The median intake in each dietary intake group (fresh red meat, processed meat, white meat, animal protein, fruits, vegetables, drinks with added sugar, refined carbohydrates, and unrefined carbohydrates) and the numbers of participants with normal cognition and MCI in each tertile are shown in Additional file 1: Table S1. In higher levels of fresh red meat and lower levels of drinks with added sugar intake, the number of participants with MCI and dementia was significantly lower than that of participants with normal cognition (p = 0.010 and p = 0.013).

Association between BMI and risk of MCI and Dementia

The univariate multinomial logistic analysis showed that age of ≥ 60 years, education level of < 7 years, BMI of ≥ 25 kg/m2, and type 2 diabetes were potential factors associated with MCI, whereas the age of ≥ 60 years and education level of < 7 years were potential factors associated with dementia (Table 2 and Additional file 1: Table S3). Furthermore, after controlling for potential covariates (age, education level, and type 2 diabetes), a BMI of ≥ 25 kg/m2 (odds ratio, 1.91 [95% confidence interval, 1.12–3.26], p = 0.017) was also associated with a greater risk of MCI. In contrast, no significant association between BMI levels and the risk of dementia was found (Table 2). Additionally, in the multivariate multinomial logistic models, age of ≥ 60 years and an education level of < 7 years were independently associated with a greater risk of MCI (1.70 [1.02–2.84], p = 0.042 and 3.23 [2.07–5.02], p < 0.001, respectively) and dementia (5.26 [2.47–11.23], p < 0.001 and 4.36 [2.04–9.35], p < 0.001, respectively).

Table 2 Association of body mass index with mild cognitive impairment and dementia using multinomial logistic regression analysis
Full size table

Association between Dietary Intake and Risk of MCI and Dementia

The univariate multinomial logistic analysis showed that fresh red meat consumption was inversely associated with the risk of MCI (p for trend = 0.040) and dementia (p for trend = 0.005). Compared with the first tertile, fresh red meat consumption in the third tertile was also associated with a lower risk of MCI (p = 0.032) and dementia (p = 0.006). However, compared with the first tertile, the third tertile of drinks with added sugar was associated with a higher risk of MCI (p = 0.026) and dementia (p = 0.008). After controlling for age, education level, type 2 diabetes, and BMI, fresh red meat consumption was still inversely associated with the risk of MCI (p for trend = 0.037) and dementia (p for trend = 0.001) and, compared with the first tertile, fresh red meat consumption in the third tertile was associated with a lower risk of MCI (odds ratio, 0.57 [95% confidence interval, 0.34–0.96], p = 0.034) and dementia (0.25 [0.08–0.76], p = 0.015) (Table 3).

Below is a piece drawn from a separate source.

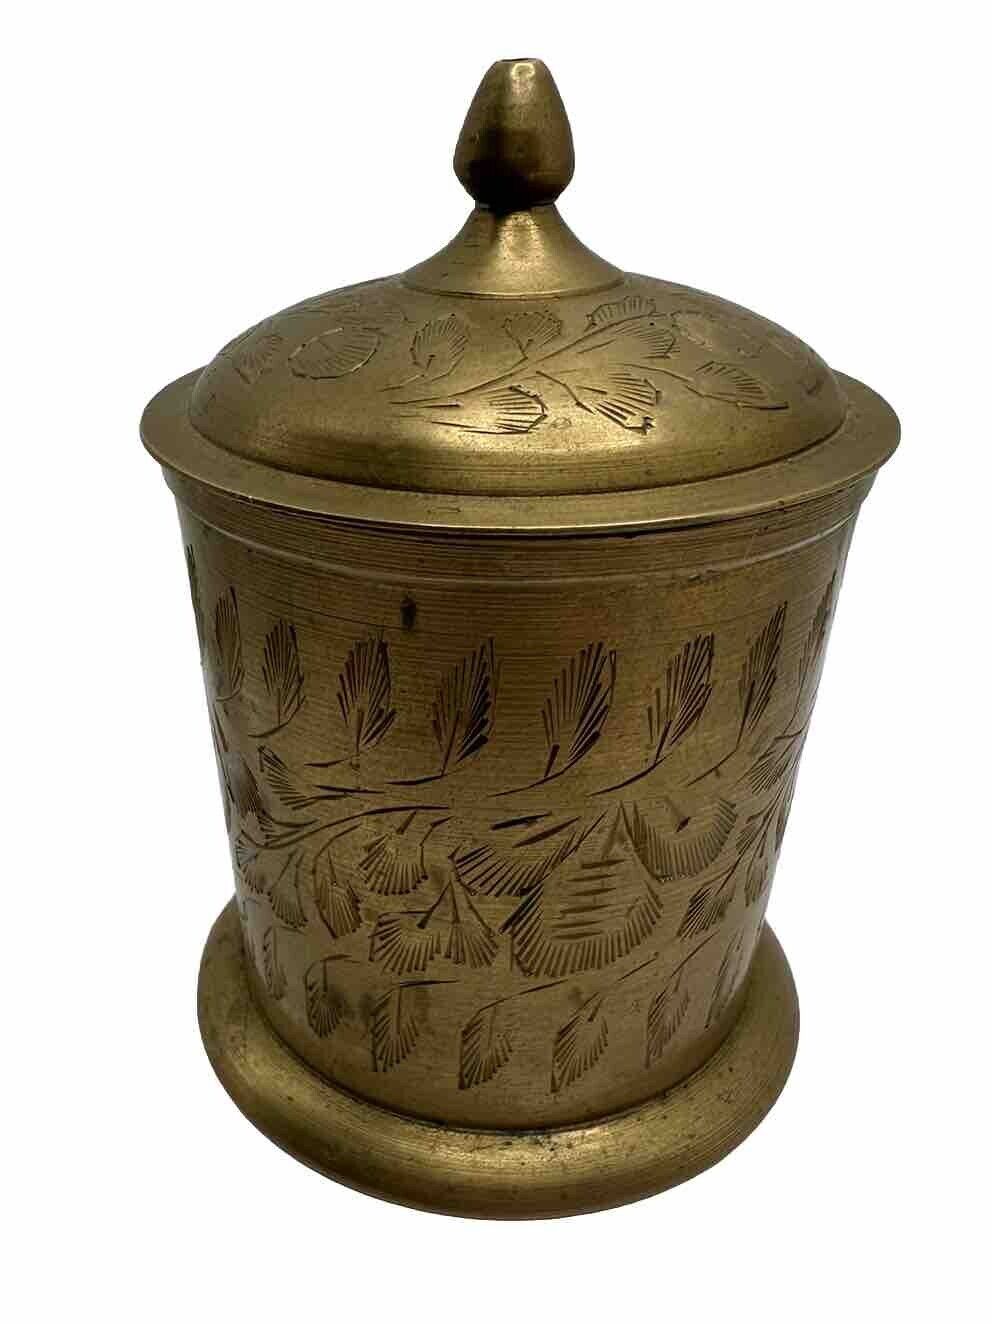 Etched Brass Jar Handmade in India Lidded Canister Vintage VTG

Table 3 Association of dietary intake with mild cognitive impairment and dementia using univariate and multivariate multinomial logistic regression analyses
Full size table

Discussion

This population-based longitudinal study revealed that the incidence rates of MCI and dementia were 42.5 and 11.2 per 1,000 person-years, respectively. A BMI of ≥ 25 kg/m2 was independently associated with a higher risk of MCI at five years. An age of ≥ 60 years and education level of < 7 years were independently also associated with a higher risk of MCI and dementia at five years. Furthermore, fresh red meat intake was inversely associated with MCI and dementia at five years.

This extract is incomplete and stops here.